Harriet WaltonHarriet J. Walton ’57 arrived at Syracuse University in the fall of 1955, just as the Civil Rights movement was beginning in the United States. A student during the years prior to the Montgomery Bus Boycotts and similar movements, Walton considers her experience at SU to be rare for the time period. “As a young black woman from the deep south,” she says, “I was somewhat unique in my position at the University.” But far from being deterred by adversity, she used her time at SU to ardently pursue her academic goals and establish her place within the campus community.

Having already obtained a master’s degree in mathematics from Howard University, and in pursuit of a Ph. D. in the same subject, Walton initially planned to study for a year, take time off to get married and return later to complete her degree. However, a professor urged her to remain in school for two years and obtain another master’s degree. This decision gave Walton the opportunity to teach at a large institution—another rarity for the time. She’s proud to have taught college courses at SU, and to have brought her perspective to a university that, in the 1950s, provided little space for viewpoints and experiences like hers.

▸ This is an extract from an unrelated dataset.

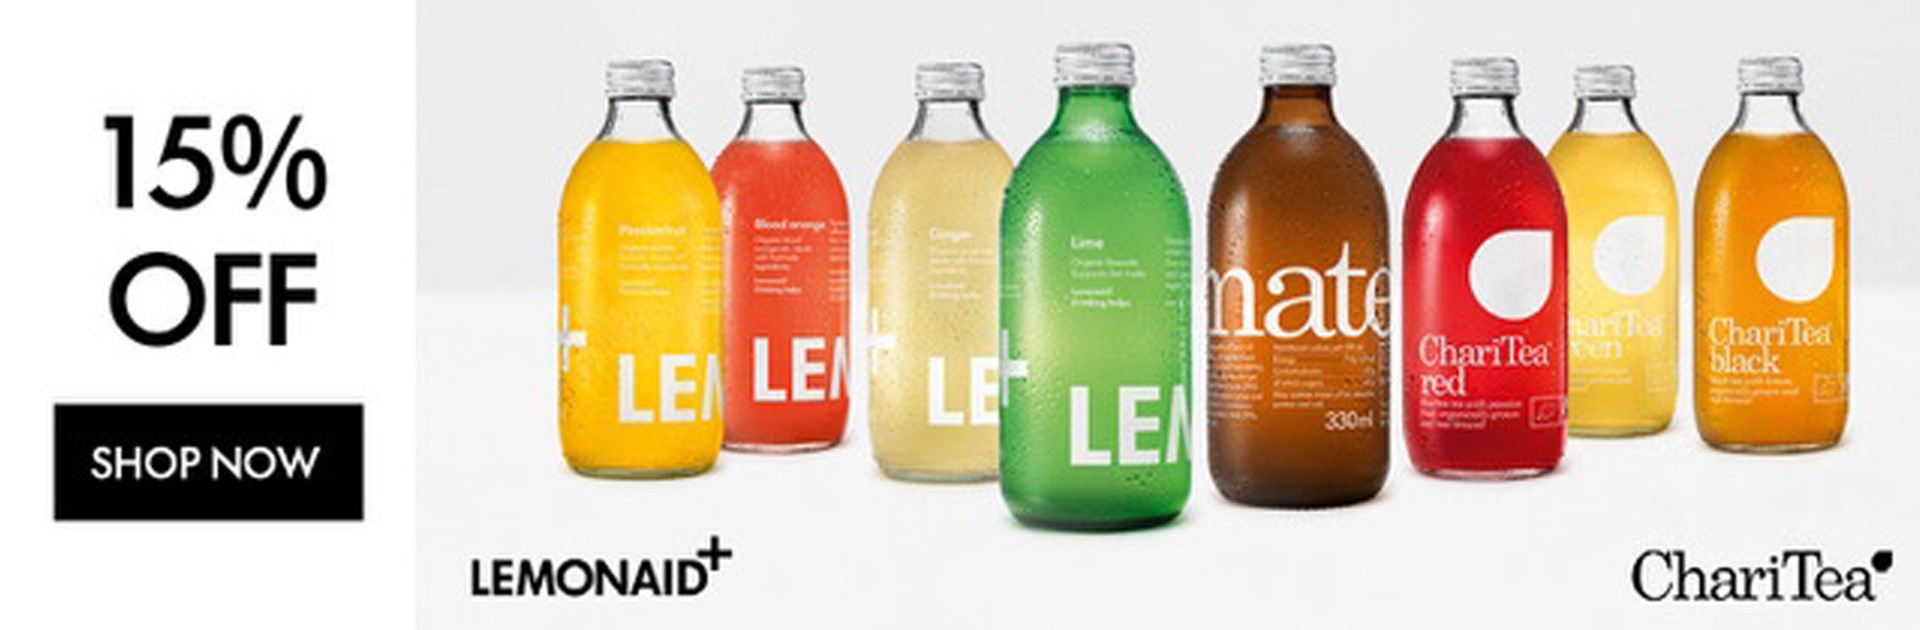 /branded-goods/soft-drinks.html?manufacturer=lemonaid-beverages&promo_name=lemonaid&promo_id=2022-05-06&promo_creative=cat-banner&promo_position=2022-05-06-cat
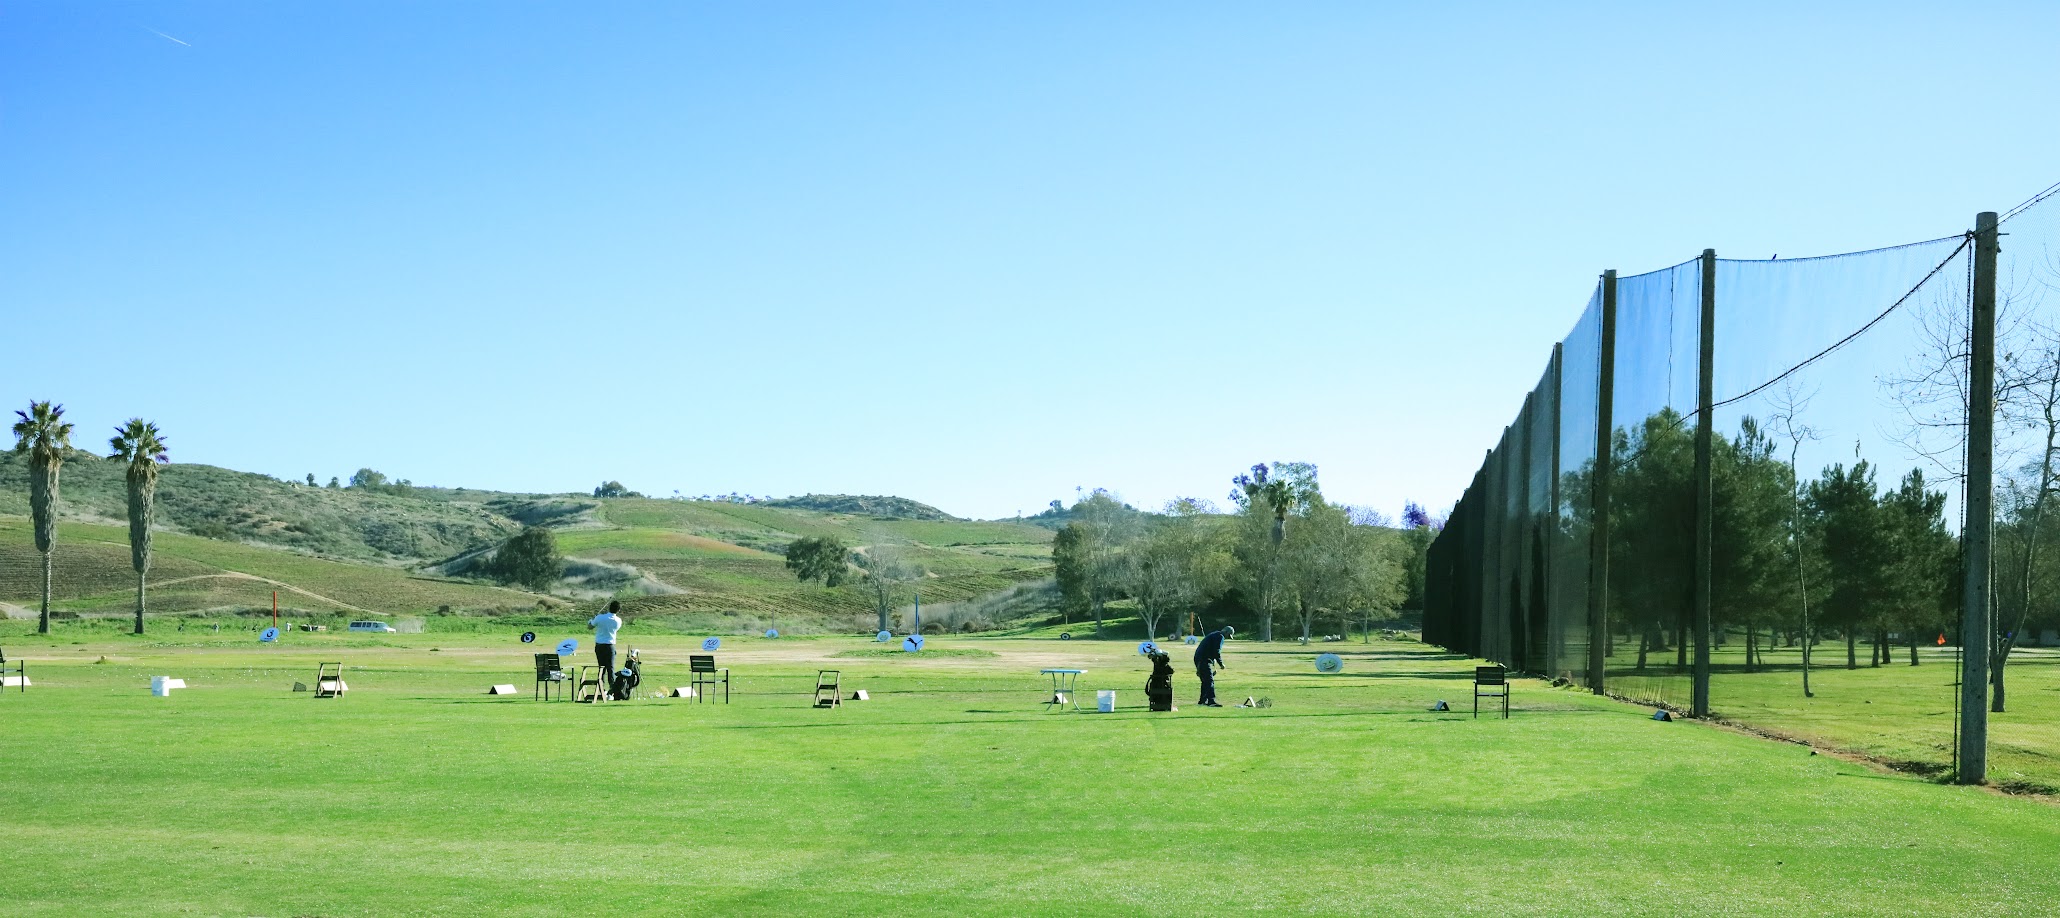 Rancho Carlsbad Golf Course

After teaching at Clark College (now Clark Atlanta University) as a student, Hampton Institute and Syracuse University, Walton joined the Morehouse College faculty at in 1958. She taught mathematics at Morehouse for more than 40 years, retiring in 2000. Walton credits her success in her field to “studying hard and taking advantage of opportunities when they were available.” This strong work ethic and eye for opportunity helped her earn a Ph. D. in mathematics from Georgia State University, all while maintaining her position at Morehouse College and raising her young family.

Reflecting on her time at SU, Walton says, “With confidence in oneself, with adequate preparation, and with sufficient support, much can be achieved in life.” As an SU alumna, Walton has spent her long career forging a path for black women in mathematics, and passing on the values of hard work, preparation, and seeking support to her students. Her annual symposium on undergraduate mathematics research, held at Morehouse College, continues to provide impetus and inspiration for students to pursue mathematics research, and contribute to the growth of the field Walton has made her life’s work.